Here's what the whole page looked like:

![](../assets/pic5.png)

As I mentioned in the blog post, BentoML automatically gives us those health endpoints which is so useful.

Here's proof that it was working on my phone as well:

![](../assets/pic6.png)

And it was super nice to see that logs in prometheus were automatically generated:

![](../assets/pic7.png)



Okay so the app is fully hosted, and the last (but most important part) would be to set up a re-training loop.
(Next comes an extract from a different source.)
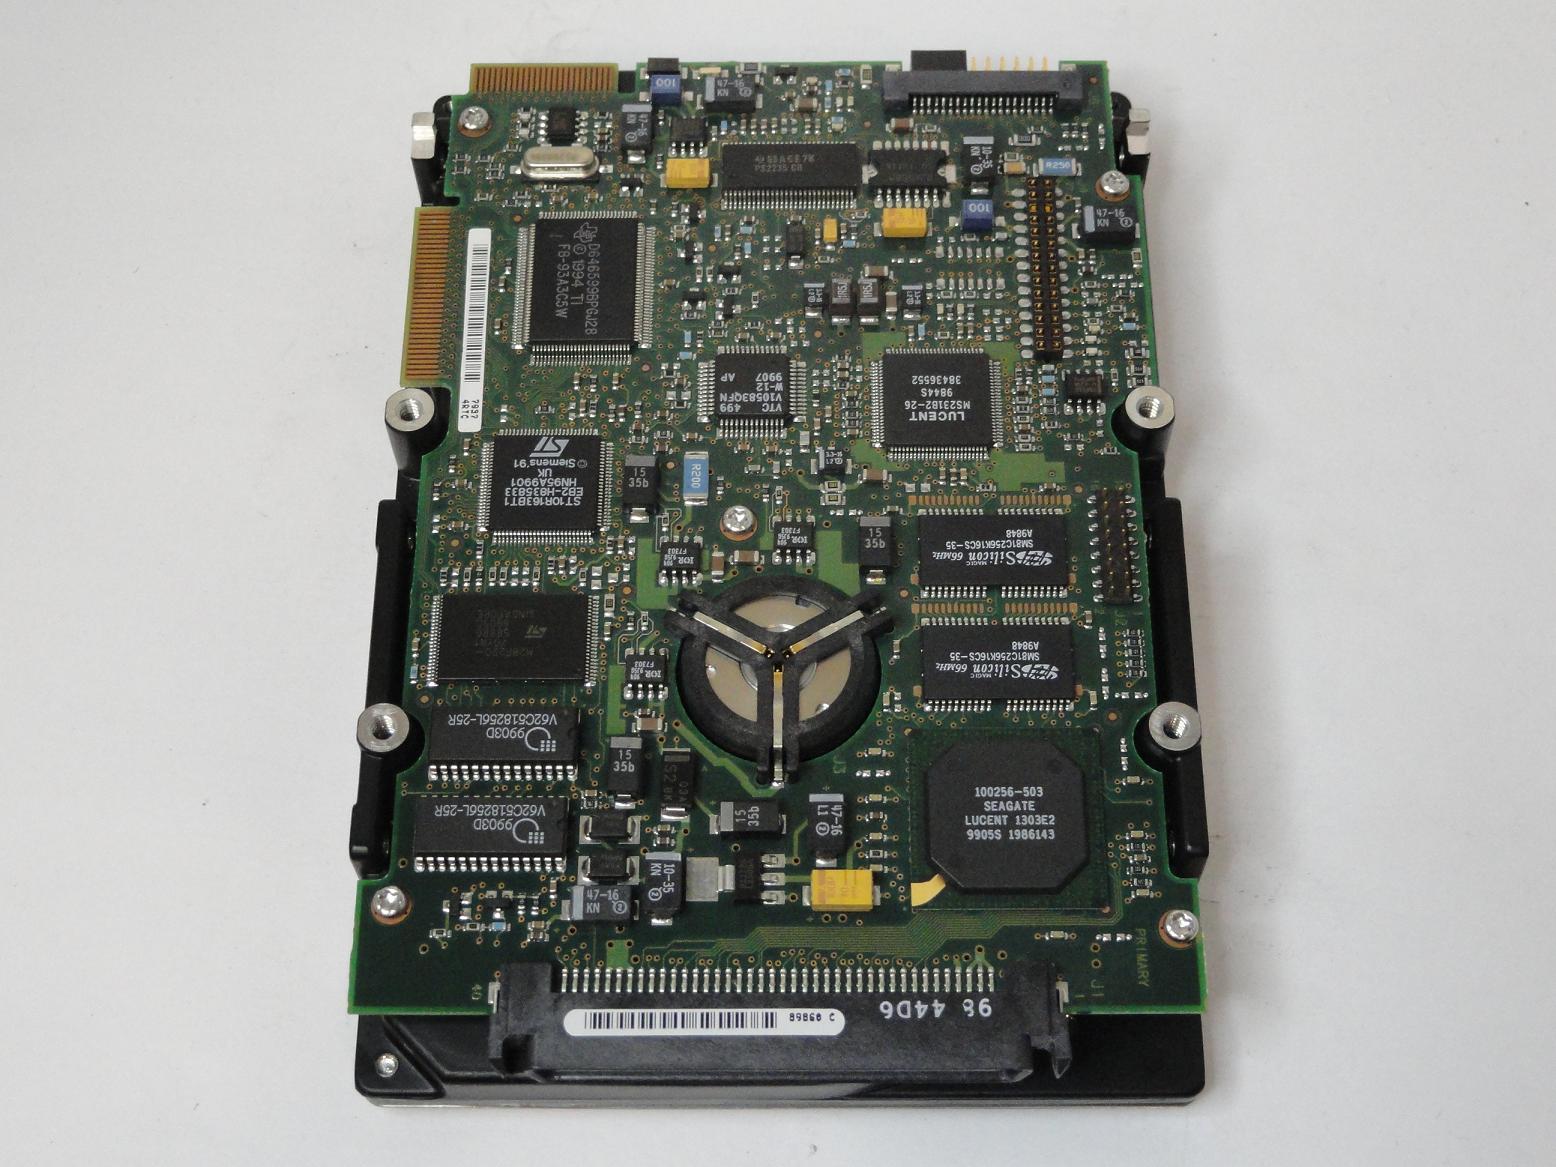 MC2226_9L6001-036_Compaq 9GB SCSI 80 Pin 3.5in HDD - Image2

I currently don't have any way to get the "latest profane words" so I'll simulate a pipeline given the fact that I have some new data coming in.

Here's a pipeline that we would use in practice to fully automate this loop

deploy.yaml
```yaml
name: Retrain, Containerize & Deploy

on:
  push:
    branches: [main]
    paths:
      # retrigger pipeline if relevant files changed
      - "app/train.py"
      - "app/eval.py"
      - "app/generate_data.py"
      - "data/**"
      - "app/service_bento.py"
      - "app/bentofile.yaml"

  # nightly drift detection
  schedule:
    - cron: '0 4 * * *'

  # manual trigger support
  workflow_dispatch: {}

jobs:
  deploy:
    runs-on: ubuntu-latest

    permissions:
      contents: read
      packages: write

    steps:
      # checkout and setup
      - name: Checkout repo
        uses: actions/checkout@v4

      - name: Set up Python
        uses: actions/setup-python@v5
        with:
          python-version: "3.11"
          cache: pip

      - name: Install dependencies
        run: |
          pip install --upgrade pip
          pip install -r requirements.txt

      # once new data is in, generate a new cleaned file
      - name: Generate training data
        run: python app/generate_data.py

      # retrain & evaluate Model
      - name: Train model
        run: python app/train.py

      - name: Evaluate model quality
        run: python app/evaluate.py

      # in production, fail here if performance drops too low
      # like if evaluate.py results in bad F1 or accuracy

      # BentoML
      - name: Set up BentoML
        uses: bentoml/setup-bentoml-action@v1
        with:
          python-version: "3.11"

      - name: Build Bento
        run: bentoml build

      - name: Login to GitHub Container Registry
        uses: docker/login-action@v3
        with:
          registry: ghcr.io
          username: ${{ github.repository_owner }}
          password: ${{ secrets.GITHUB_TOKEN }}

      - name: Containerize & push to GHCR
        uses: bentoml/containerize-push-action@v1
        with:
          bento-tag: profanity_service:latest
          push: true
          tags: ghcr.io/${{ github.repository_owner }}/profanity_service:latest
          platform: linux/amd64

      # deploy to Fly.io      
      - name: Install flyctl
        uses: superfly/flyctl-actions/setup-flyctl@master

      - name: Deploy to Fly.io
        run: flyctl deploy --image ghcr.io/${{ github.repository_owner }}/profanity_service:latest --remote-only
        env:
          FLY_API_TOKEN: ${{ secrets.FLY_API_TOKEN }}

      # drift monitoring and prometheus hook
      - name: (Optional) Send Prometheus Drift Metric
        if: github.event_name == 'schedule'
        run: |
          echo "::notice ::Insert Prometheus drift check & pushgateway curl here"
          # e.g. curl -X POST http://prometheus-server/push/...
```

That gives us an end-to-end pipeline that would retrain, evaluate, containerize, and serve our application again. This is a bare-bones version but in production settings companies probably have thousands of pipelines like this running on various triggers.